COLLECTED DATA =
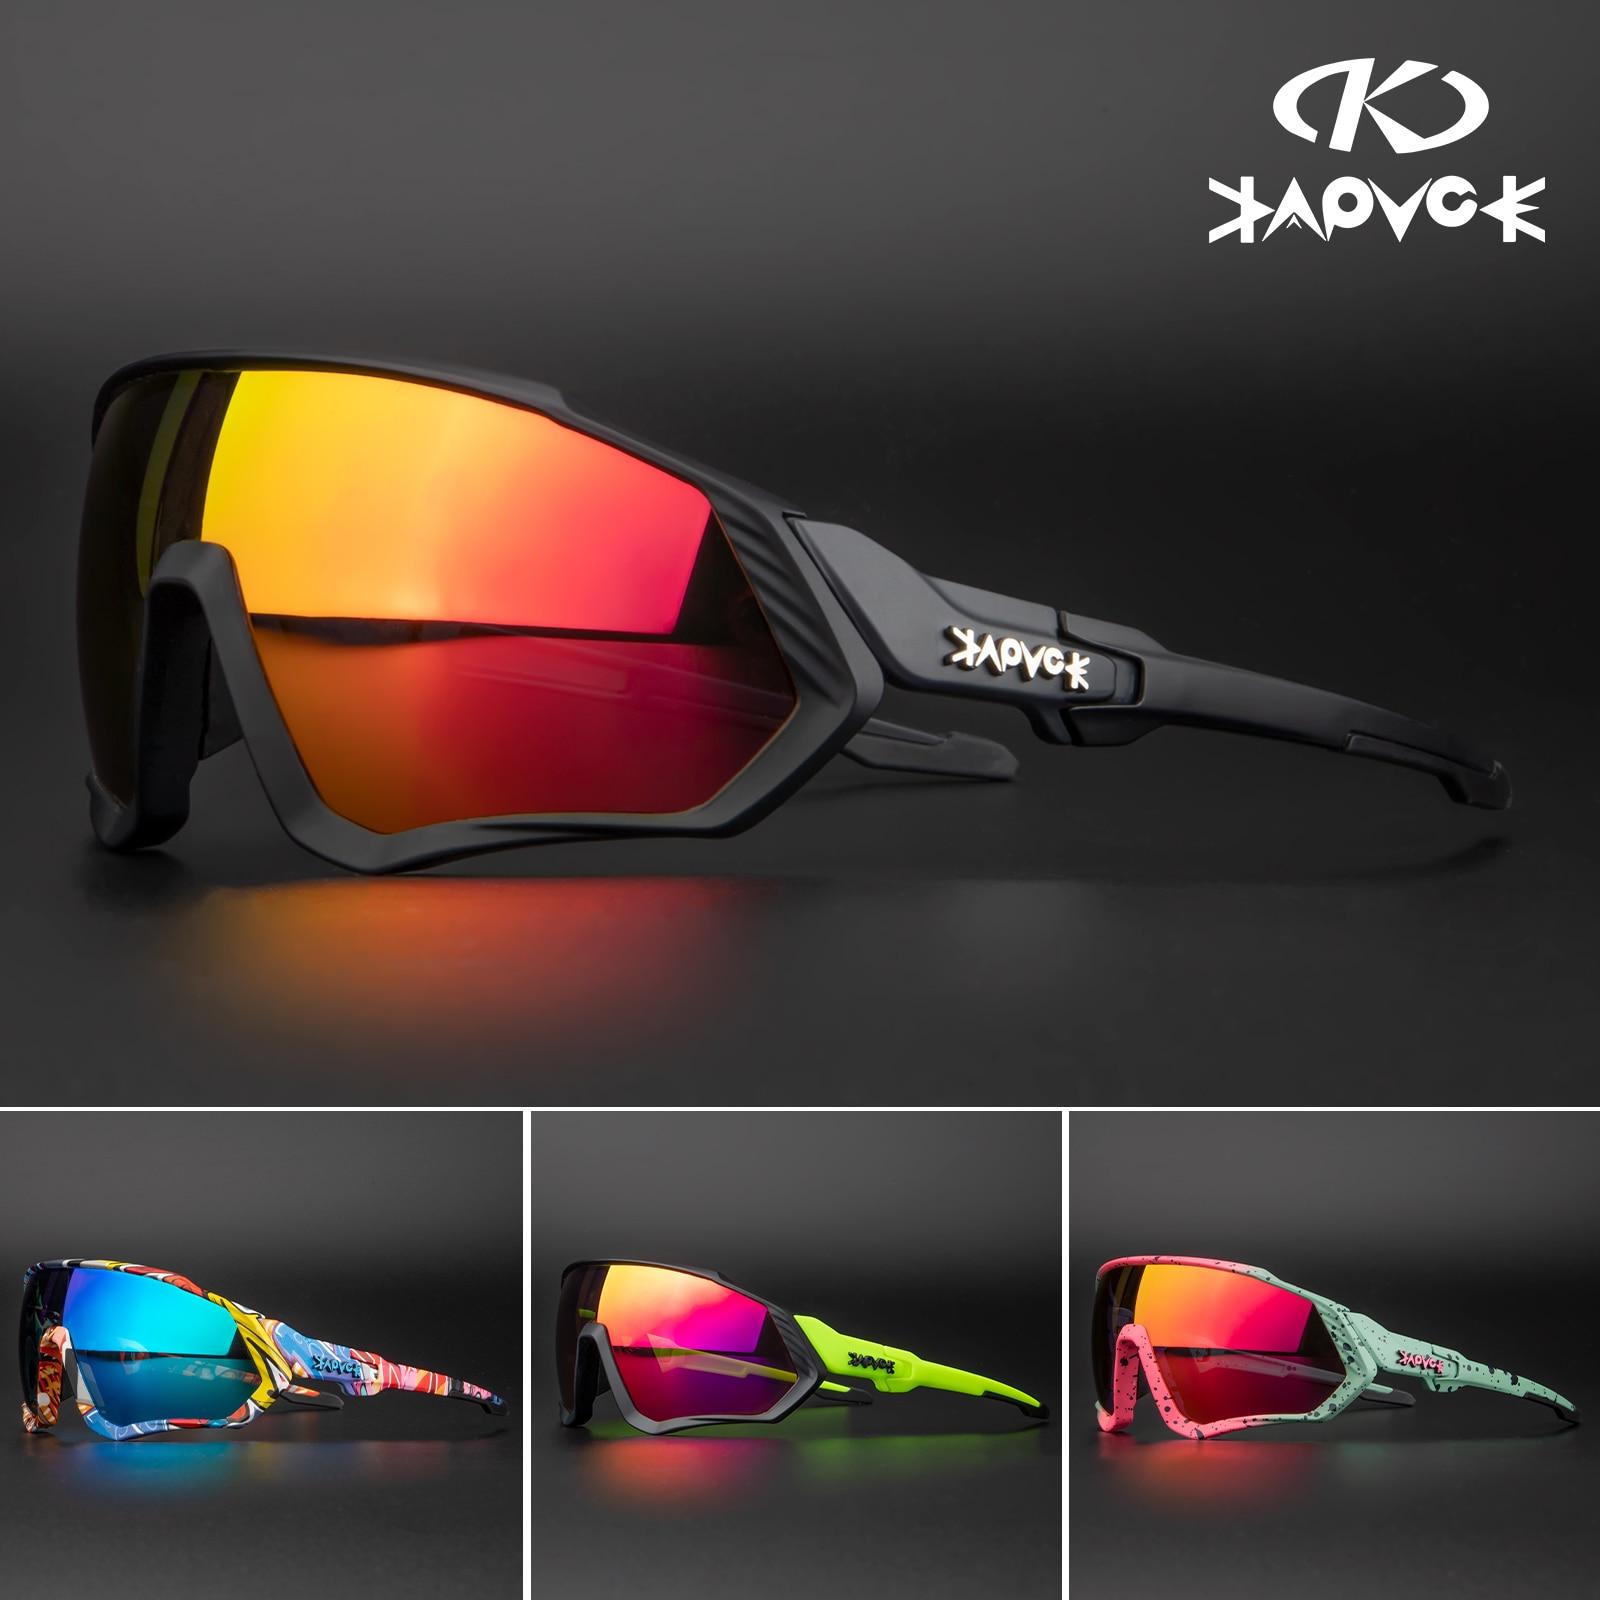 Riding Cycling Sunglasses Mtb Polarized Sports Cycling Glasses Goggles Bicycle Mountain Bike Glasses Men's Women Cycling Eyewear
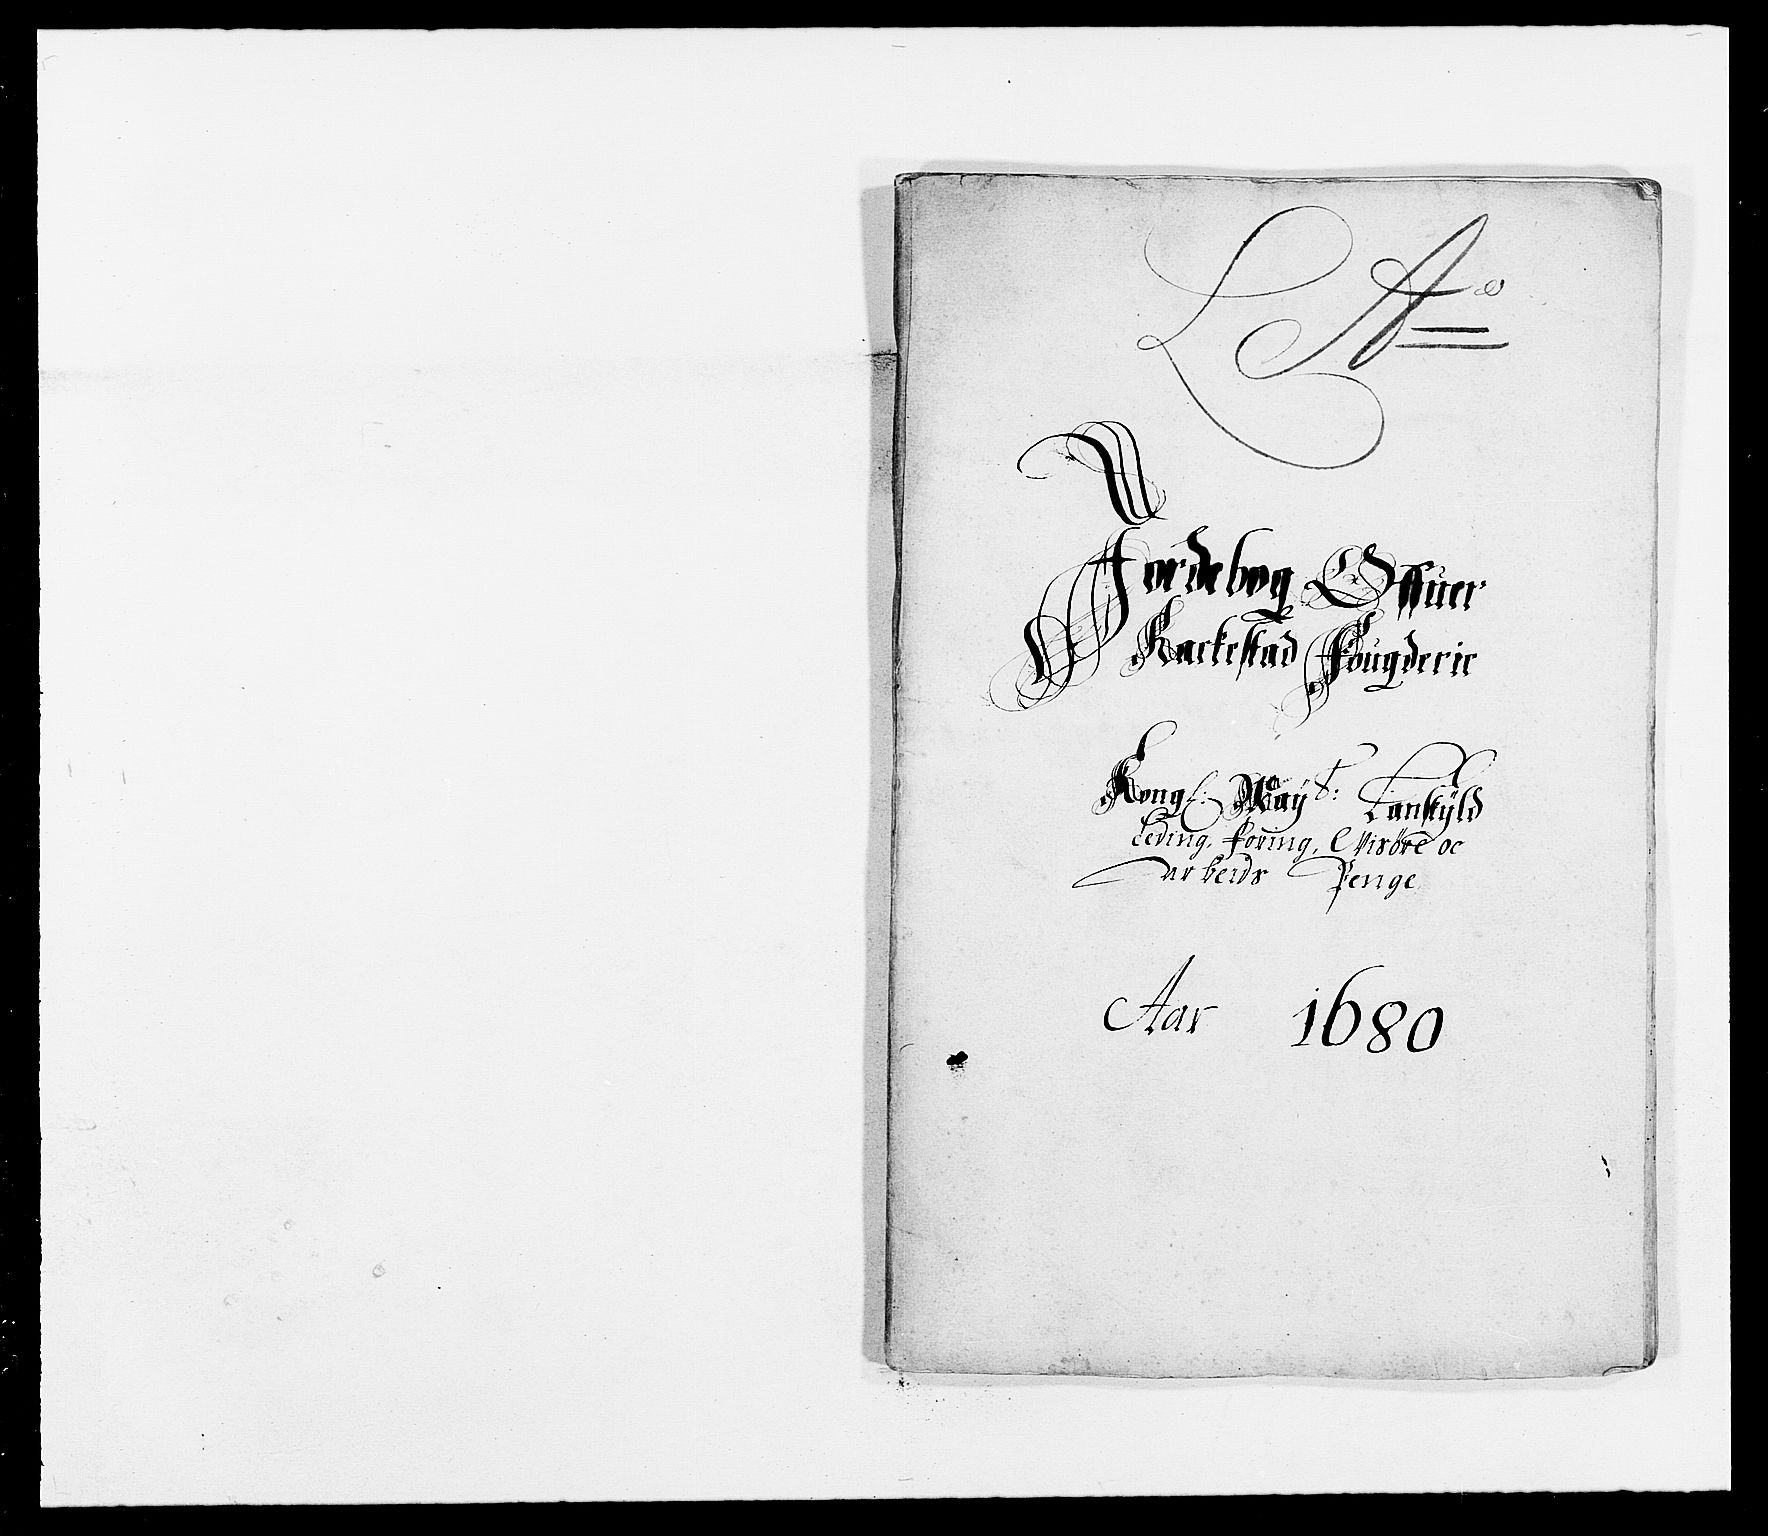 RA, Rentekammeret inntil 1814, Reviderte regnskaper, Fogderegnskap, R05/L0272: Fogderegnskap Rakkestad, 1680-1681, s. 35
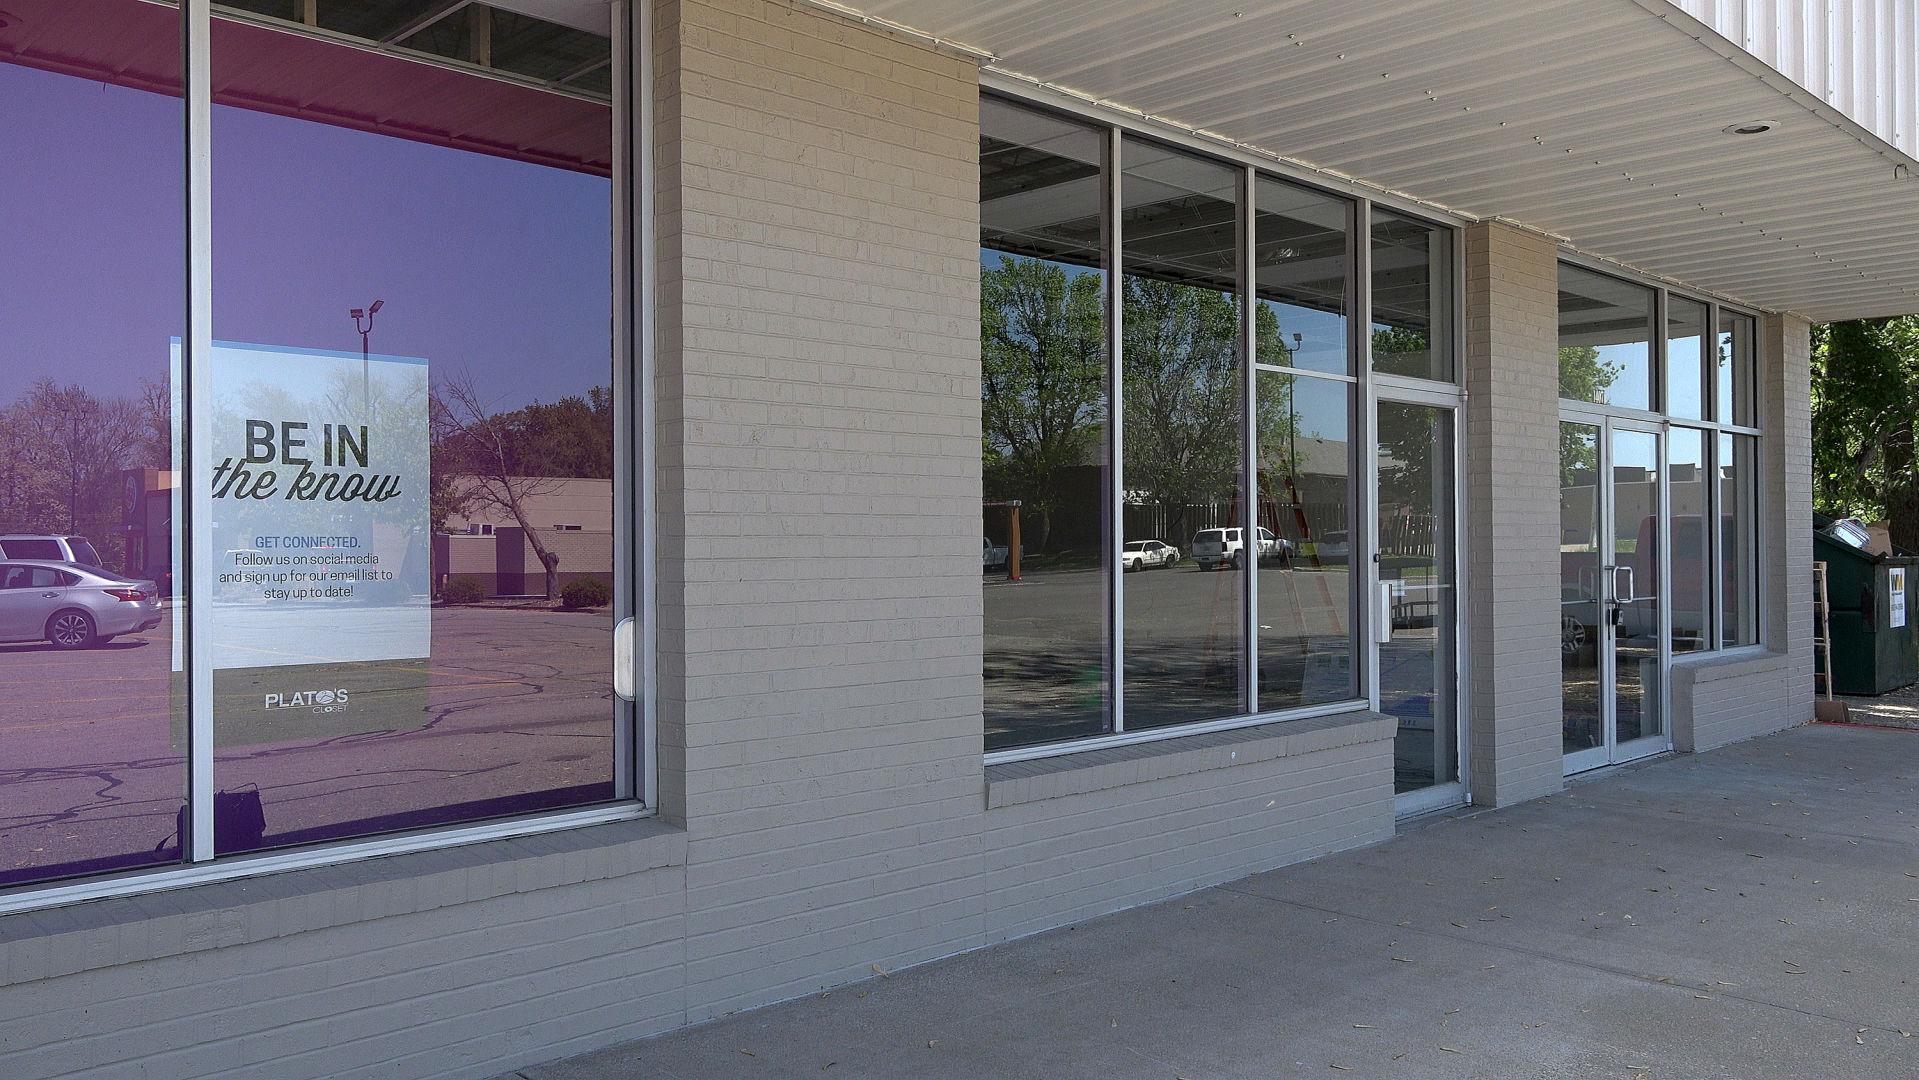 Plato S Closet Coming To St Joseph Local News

PROBLEM STATEMENT =
Print the data above in full and exactly as it appears, skipping the pictures.

RESULT OF THE EXERCISE =
 Riding Cycling Sunglasses Mtb Polarized Sports Cycling Glasses Goggles Bicycle Mountain Bike Glasses Men's Women Cycling Eyewear
 RA, Rentekammeret inntil 1814, Reviderte regnskaper, Fogderegnskap, R05/L0272: Fogderegnskap Rakkestad, 1680-1681, s. 35
 Plato S Closet Coming To St Joseph Local News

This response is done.